By Willa Wu & Chen Zimo | chinadaily.com.cn | Updated: 2020-03-17 13:41

Hong Kong Chief Executive Carrie Lam Cheng Yuet-ngor (left) and Secretary for Food and Health Sophia Chan Siu-chee hold up pamphlets on home isolation at a press briefing ahead of the weekly Executive Council meeting. In Hong Kong on March 17, 2020. [PARKER ZHENG / CHINA DAILY]

HONG KONG - Hong Kong will quarantine for 14 days all people entering the special administrative region starting midnight on Thursday to prevent the spread of COVID-19 caused by a novel coronavirus, Chief Executive Carrie Lam Cheng Yuet-ngor said Tuesday.

Speaking to reporters ahead of the weekly Executive Council meeting, Lam urged all HK residents to avoid all non-essential travel.
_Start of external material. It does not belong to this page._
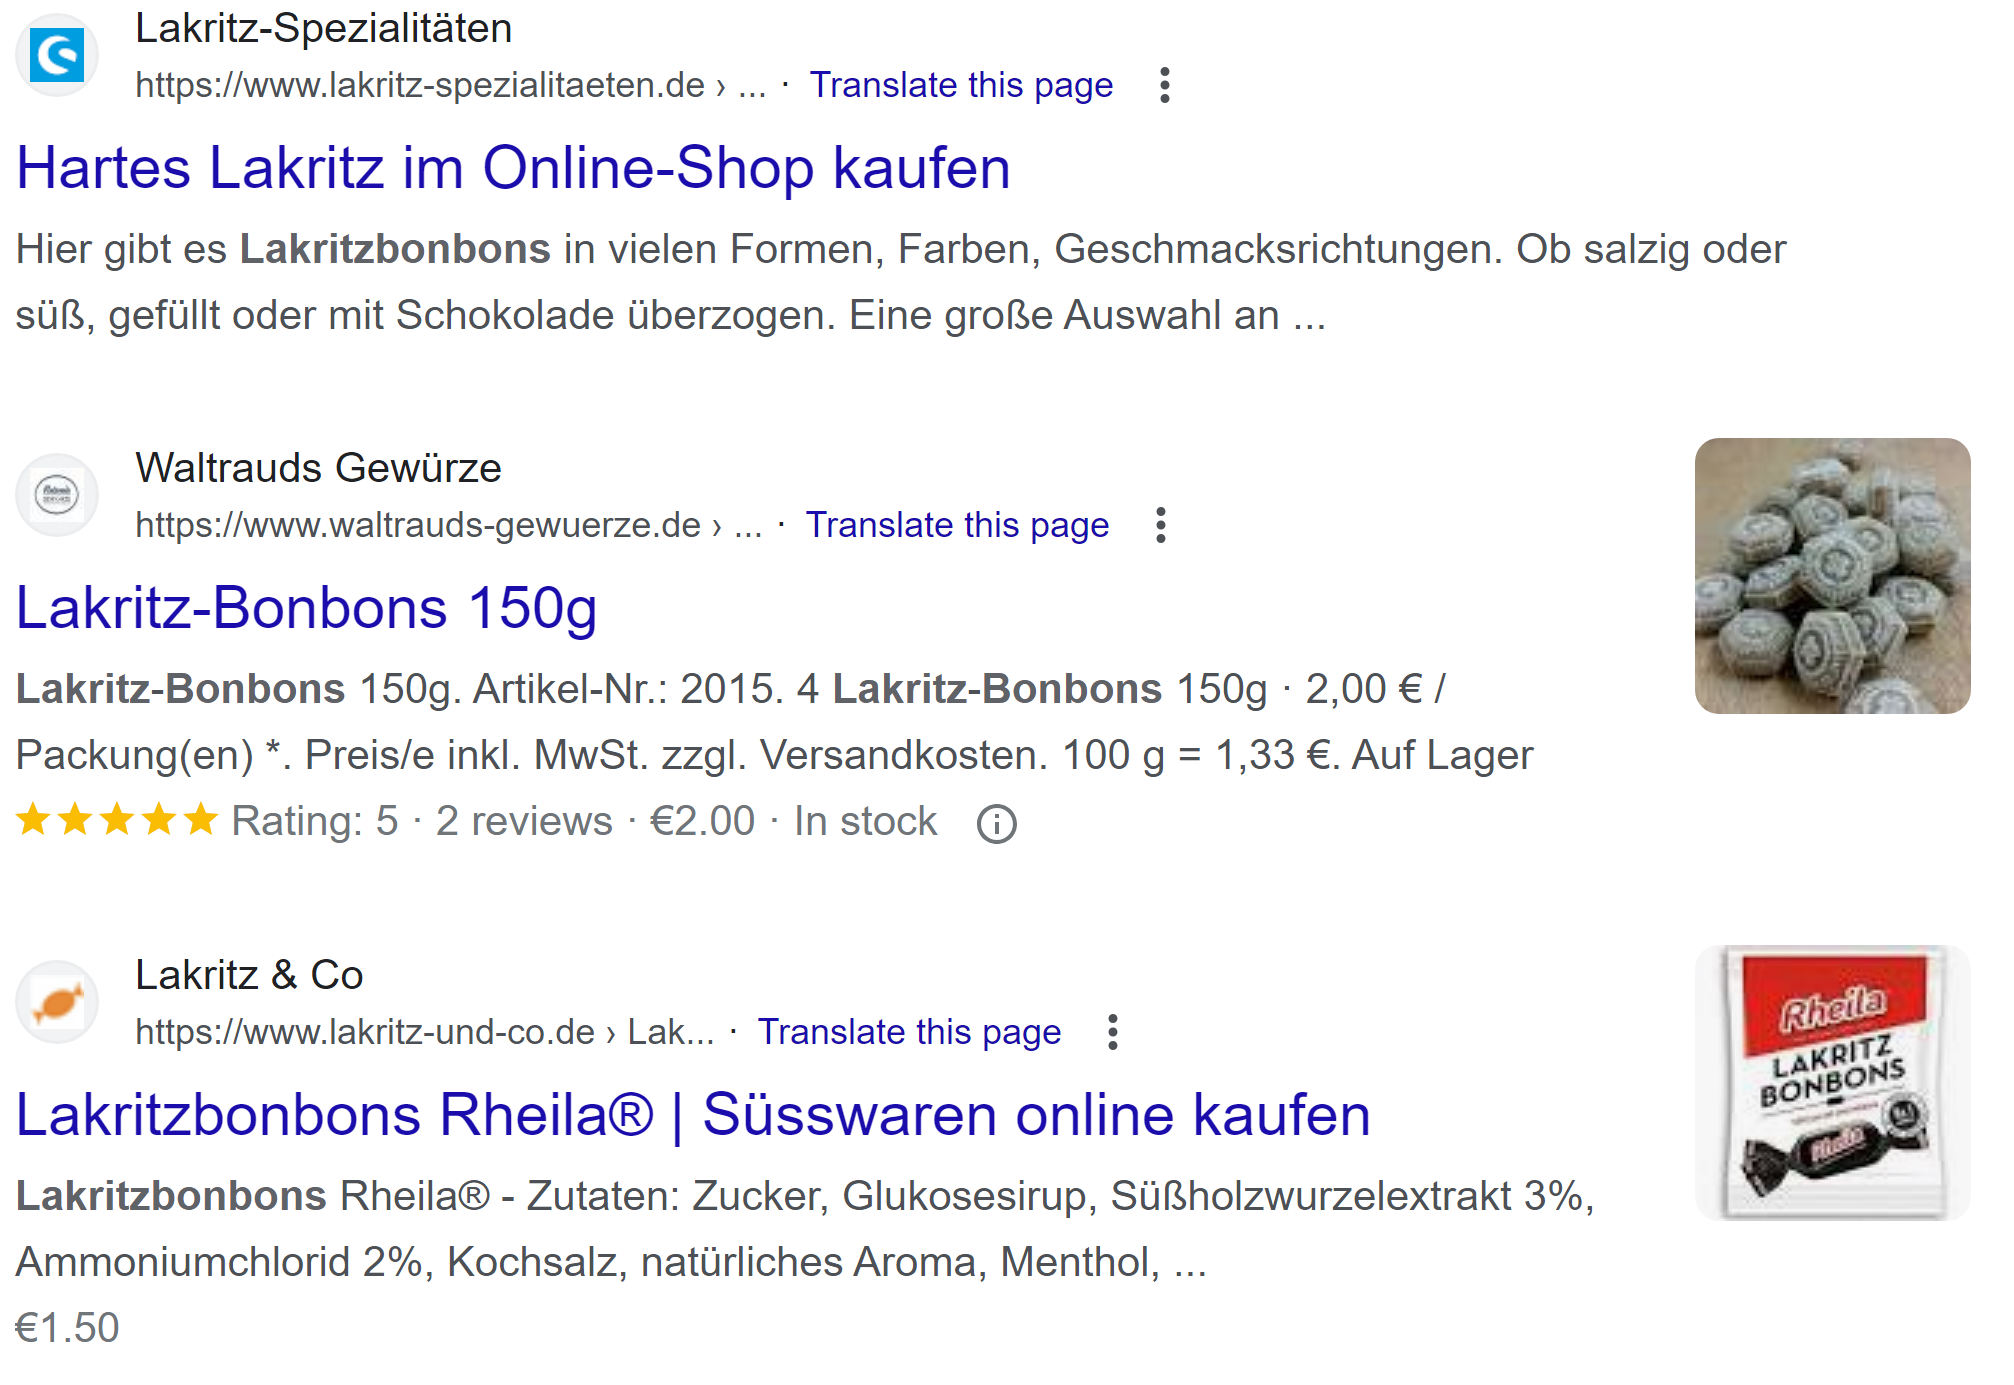 Google: Suchergebnisse für Lakritzbonbons mit Thumbnails normaler Größe
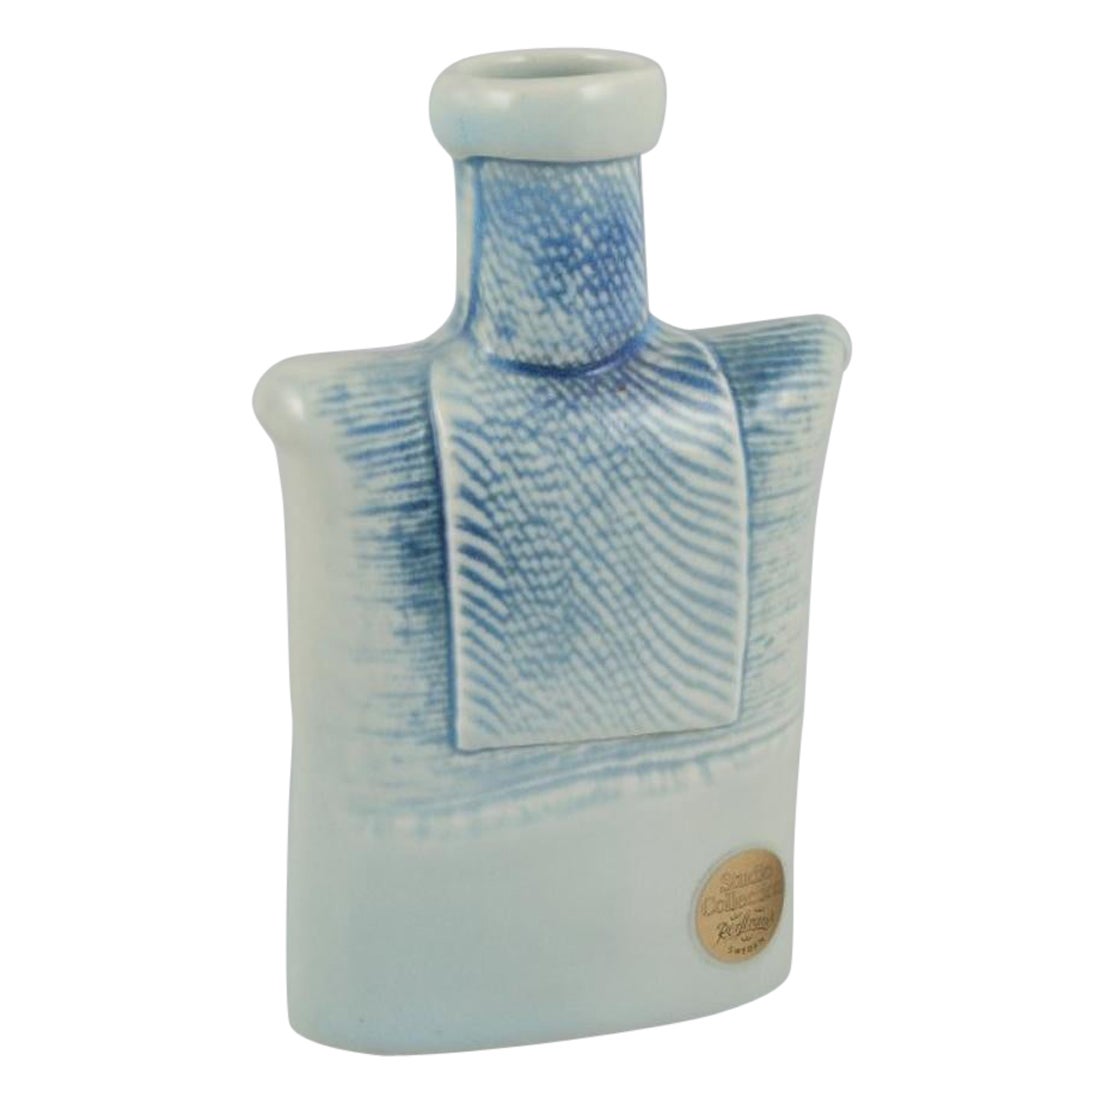 Suzanne Öhlén for Rörstrand. Porcelain vase with glaze in blue tones. For Sale

The Hong Kong government will issue a Red Outbound Travel Alert for regions and countries across the globe by Tuesday, Lam announced at the press conference. In a three-tier alert system, red is the second-most severe and warns of a “significant threat” at the locations cited.

"In many countries the number of confirmed cases can be described as explosive," Lam said. "If we don't adopt some strict measures ... I'm afraid all precaution efforts done in the past two months would be wasted. It will affect the public health of Hong Kong.”

Lam made it clear that all HK residents among arrivals entering Hong Kong will be subject to mandatory quarantine or medical observation from March 19. Also, that Red Outbound Travel Alert will not apply to Macao, the Chinese mainland and Taiwan.

Lam said while mandatory quarantine applied to all mainland arrivals, arrivals from Macao and Taiwan will be exempted. The lower-risk cases will be asked to stay under home quarantine or be placed under surveillance, which can include electronic wristbands with movement trackers, irregular landline phone calls and other means.


The city’s leader said that the two new arrangements were made to cope with the worldwide spread of COVID-19 and a rising number of imported cases of infection recorded in the city.


Lam called on HK residents to be prepared for a protracted battle against the disease.

In response to a proposal to ban the entry of all non-residents, Lam said it would be a “drastic step”. She pointed out that all confirmed cases with travel history during the incubation period up to Tuesday were Hong Kong residents.

“While we are still in an epidemic situation, we have to allow the city to continue, the business to resume, otherwise we may have more problems on the economic front,” she said.

Hong Kong's flag carrier Cathay Pacific will add flights and upgrade the size of aircraft this week to pick up Hong Kong residents in the UK and the US, said Lam.

In addition, the Hong Kong government will provide 67,000 free face masks to passengers who board the return flights in the UK and the US, given the difficulties in obtaining face masks overseas.

Lam also said all schools in the city were unlikely to resume by April 20, after weeks of closures. If schools do start on that date, they would re-open in phases, she said, without elaborating.

Four of 157 confirmed coronavirus patients in Hong Kong have died. Since March 2, Hong Kong has recorded 58 new cases of infection, an increase of 58 percent — of which 40 cases were either imported or constituted infections in people who had come in close contact with those who contracted the disease abroad.